* COLLECTED DATA:
○ ○ ○

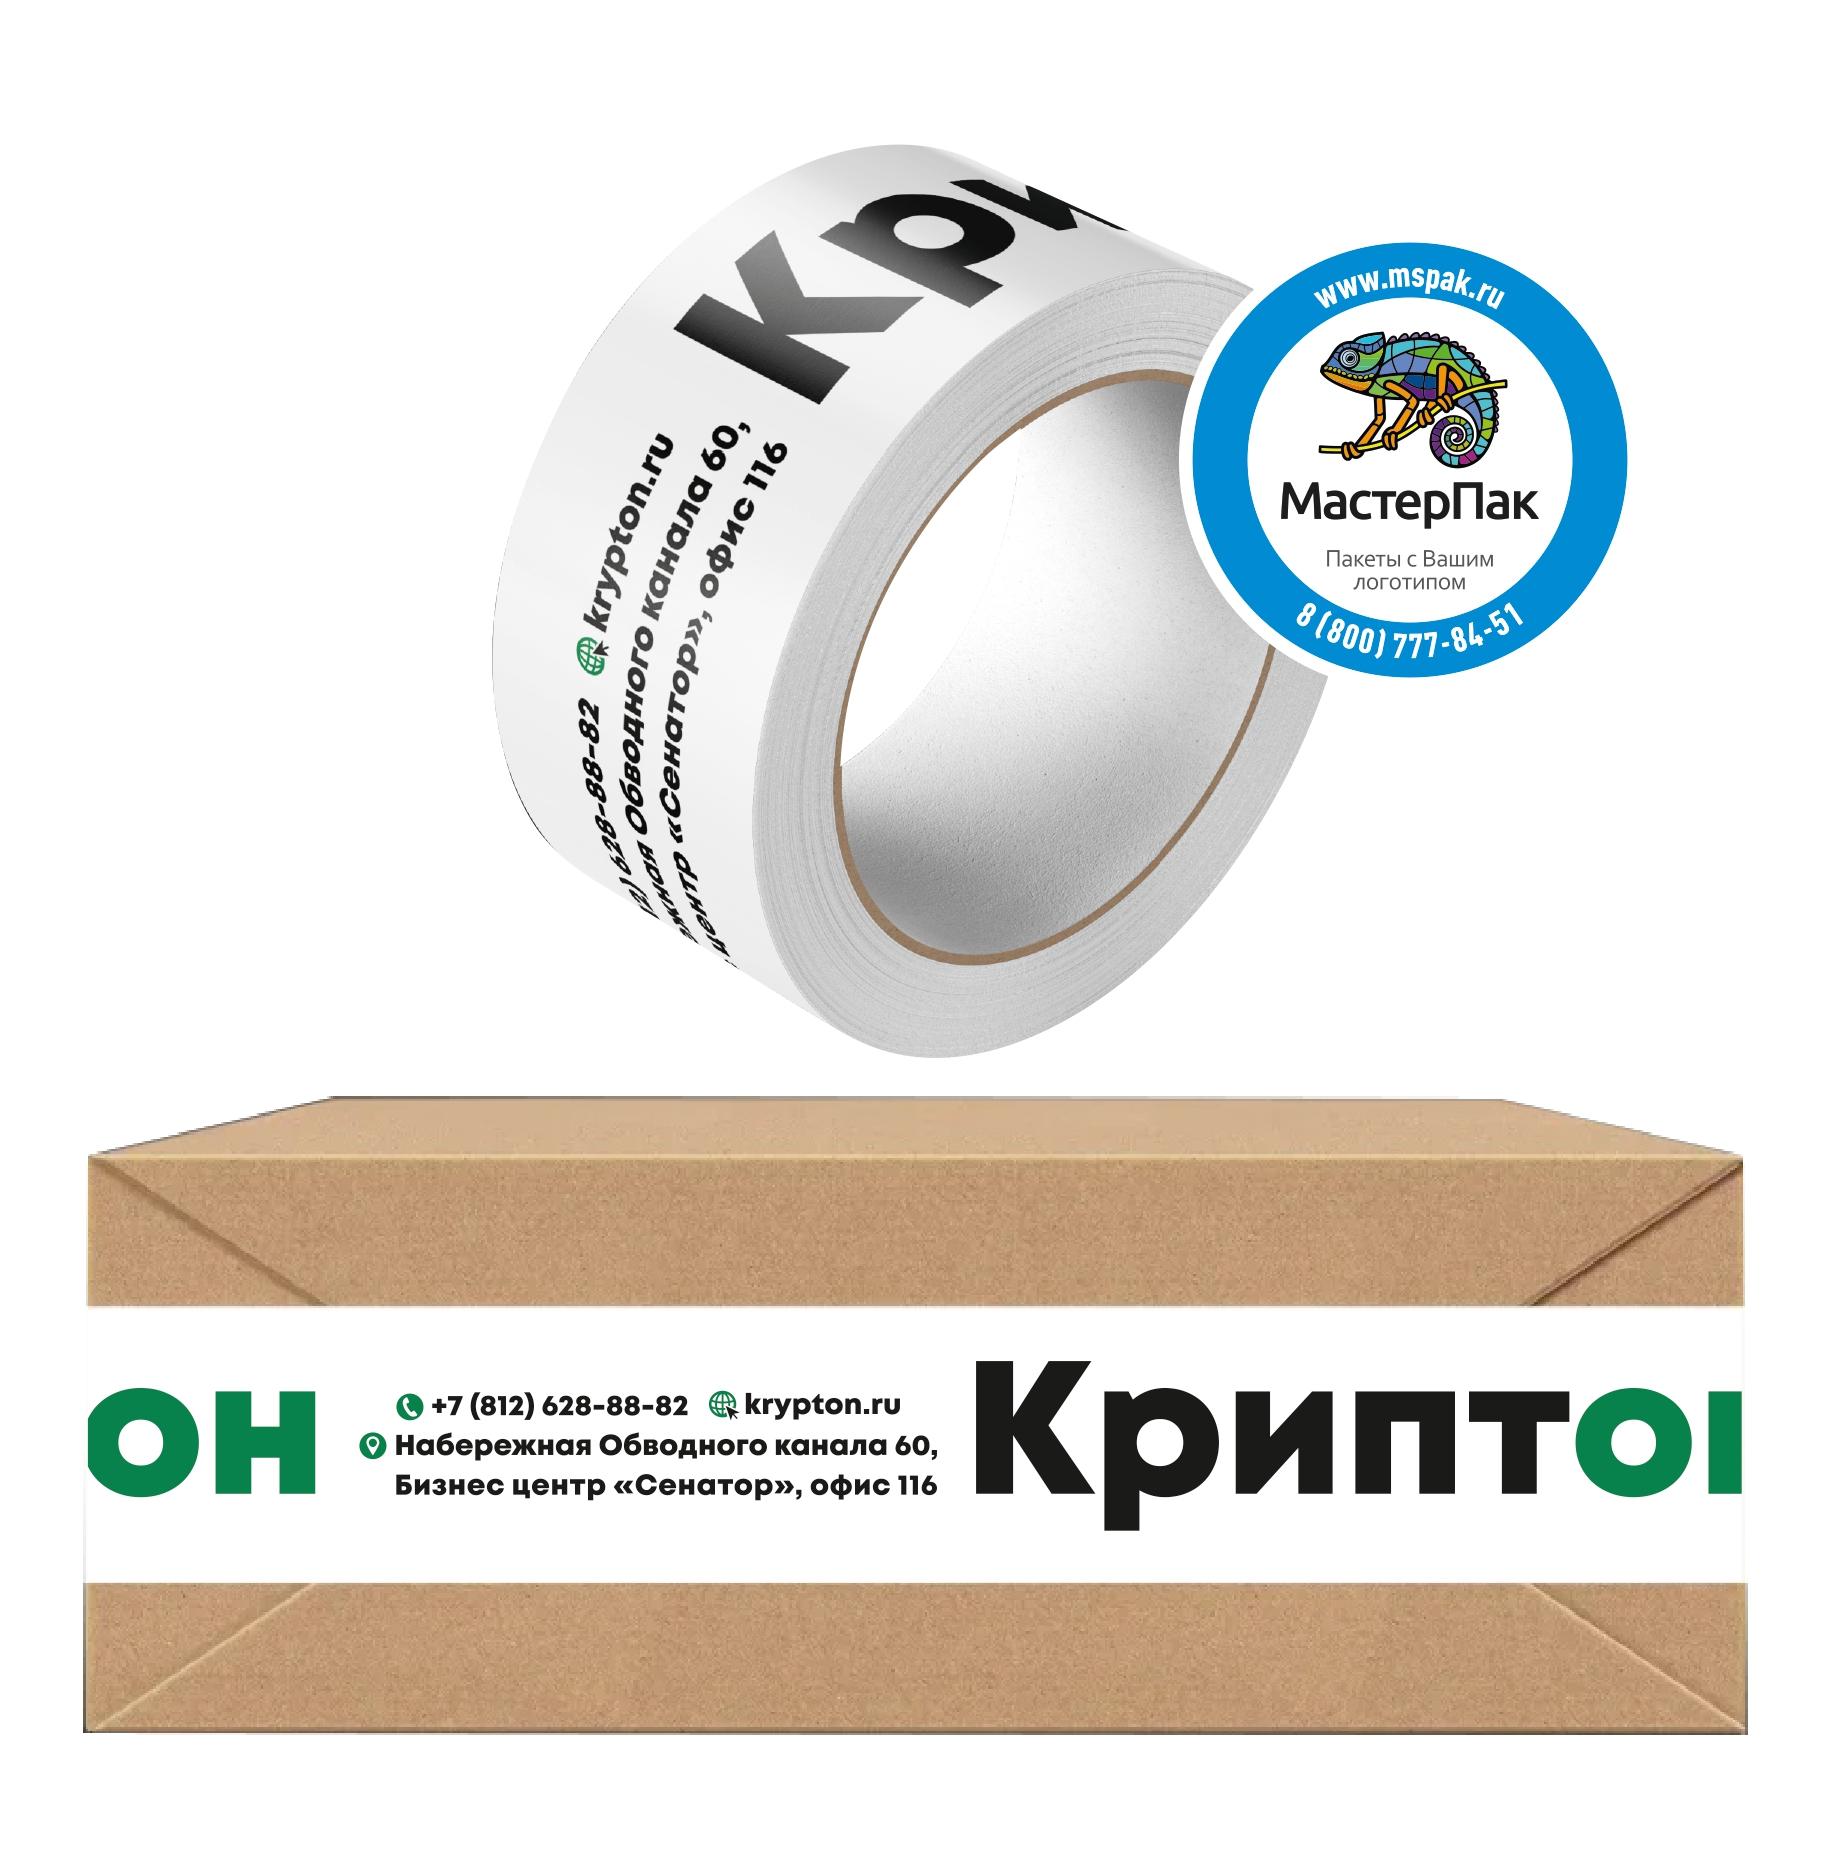 Скотч с логотипомКриптон, 63 метра, 45 мкм, Санкт-Петербург
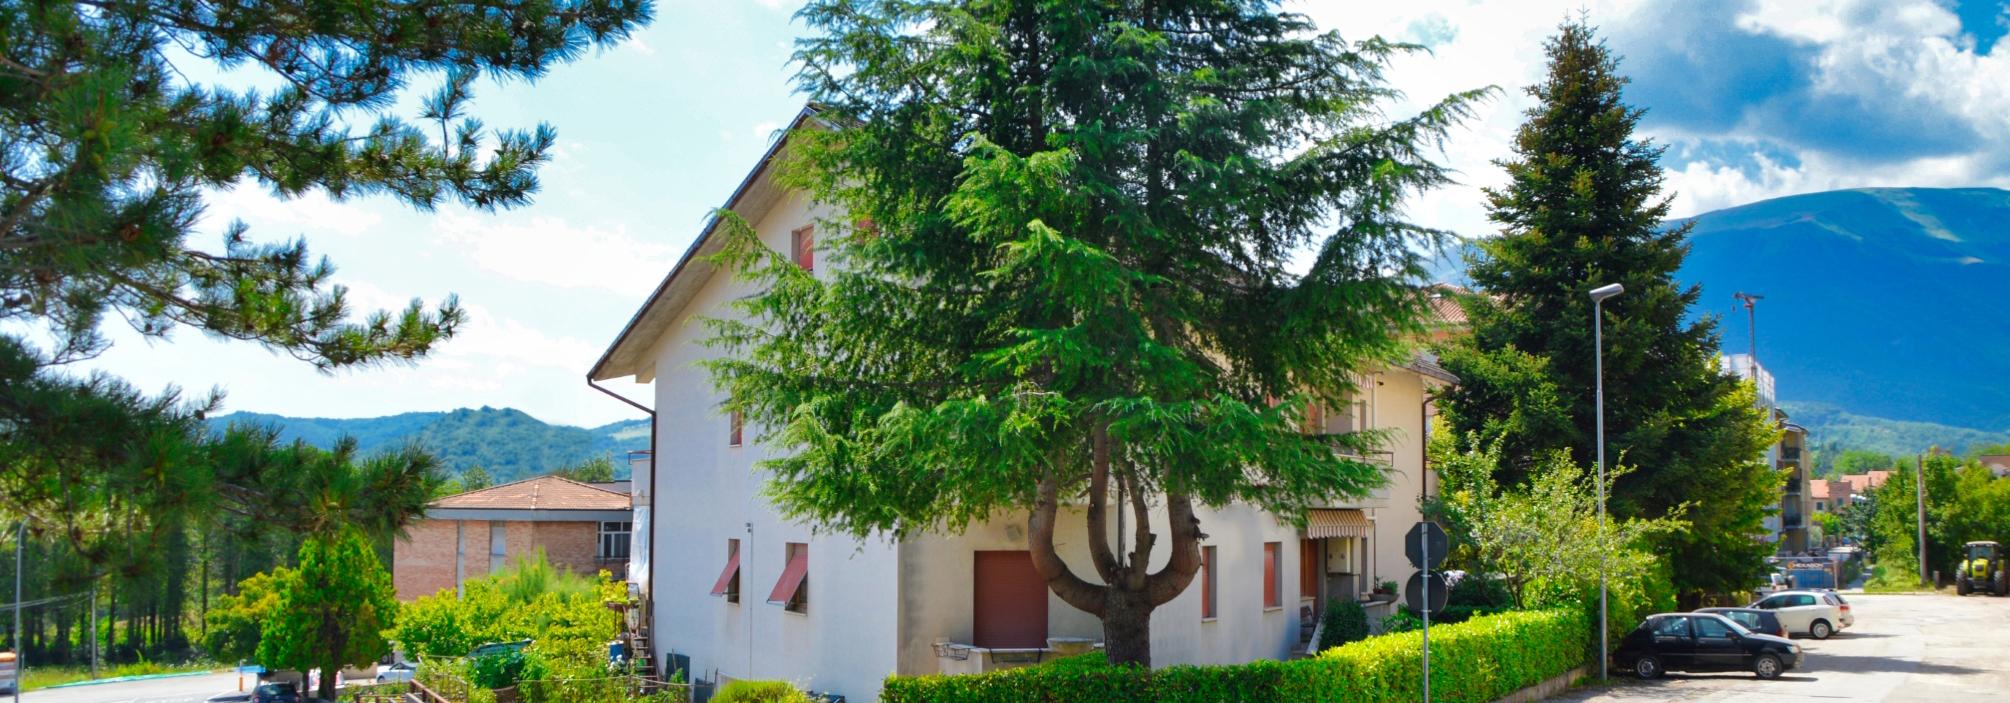 235 – Appartamento centrale Sarnano
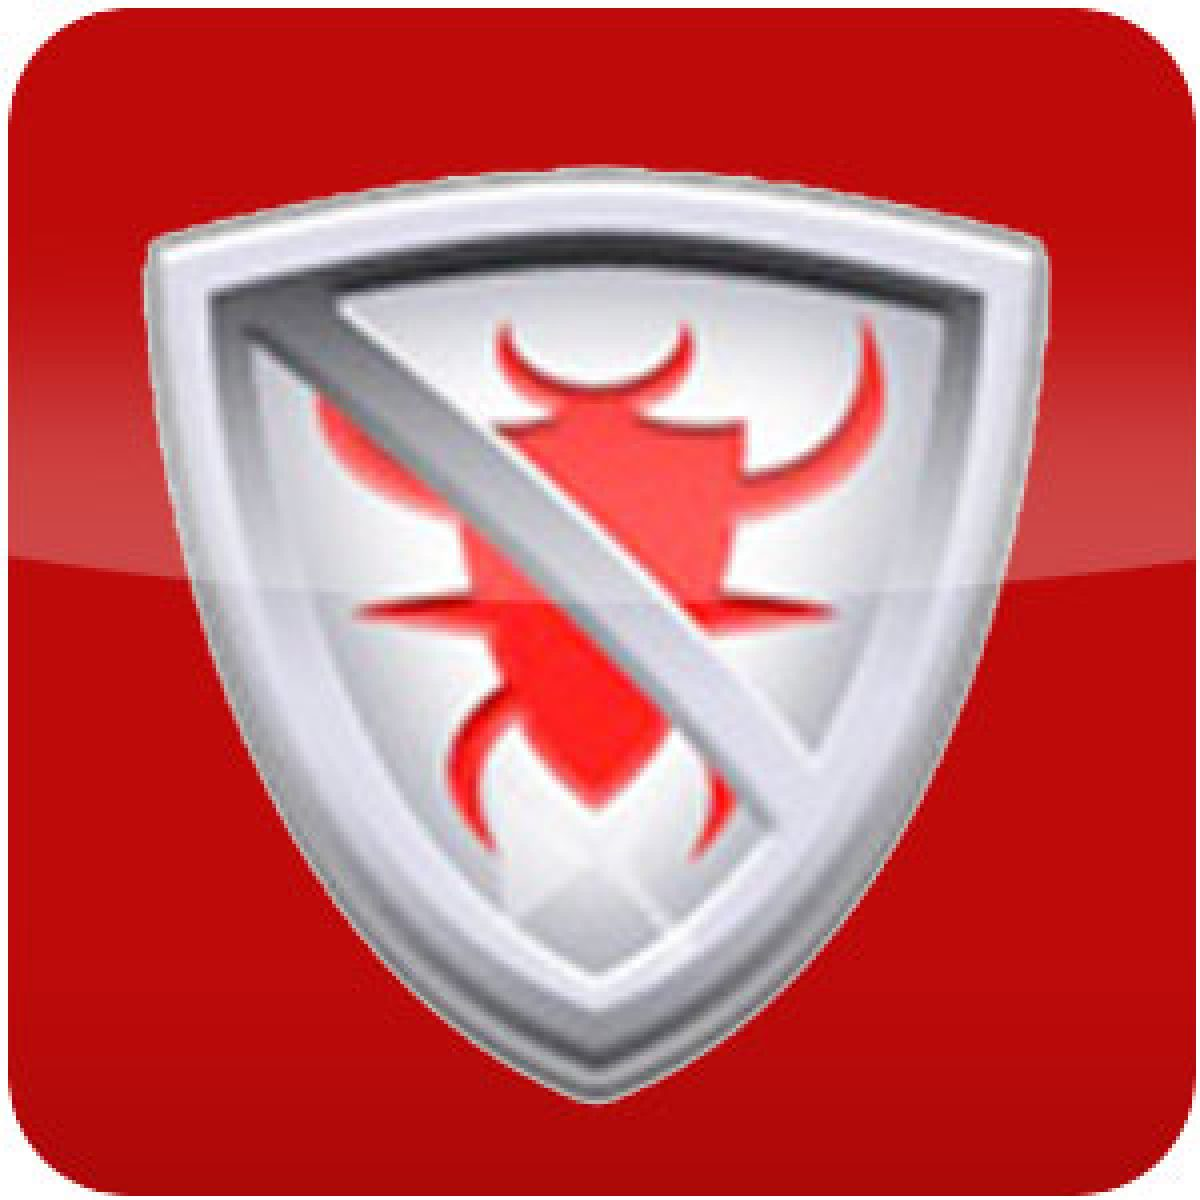 Ultra Adware Killer 9.7.3.0 Crack + Product Key Free Download
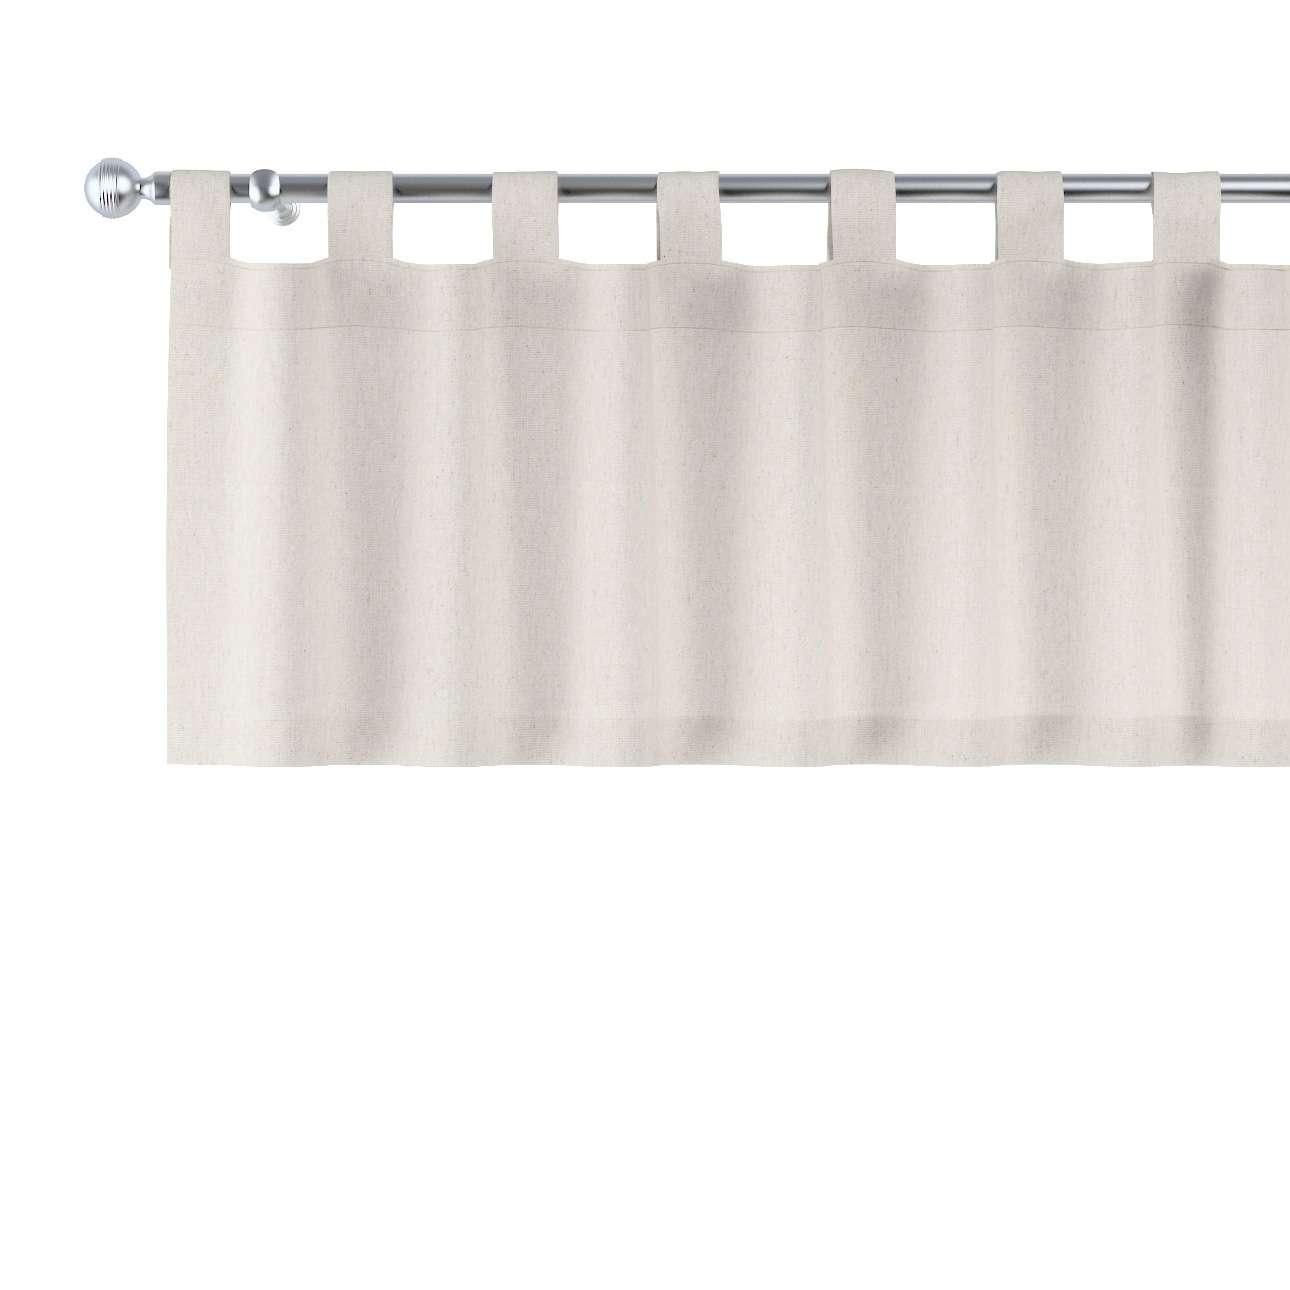 Lambrekin na szelkach 130x40cm w kolekcji Loneta, tkanina: 133-65

○ ○ ○

Would you transcribe the whole listing above exactly? The pictures should not be included.

 Скотч с логотипомКриптон, 63 метра, 45 мкм, Санкт-Петербург
 235 – Appartamento centrale Sarnano
 Ultra Adware Killer 9.7.3.0 Crack + Product Key Free Download
 Lambrekin na szelkach 130x40cm w kolekcji Loneta, tkanina: 133-65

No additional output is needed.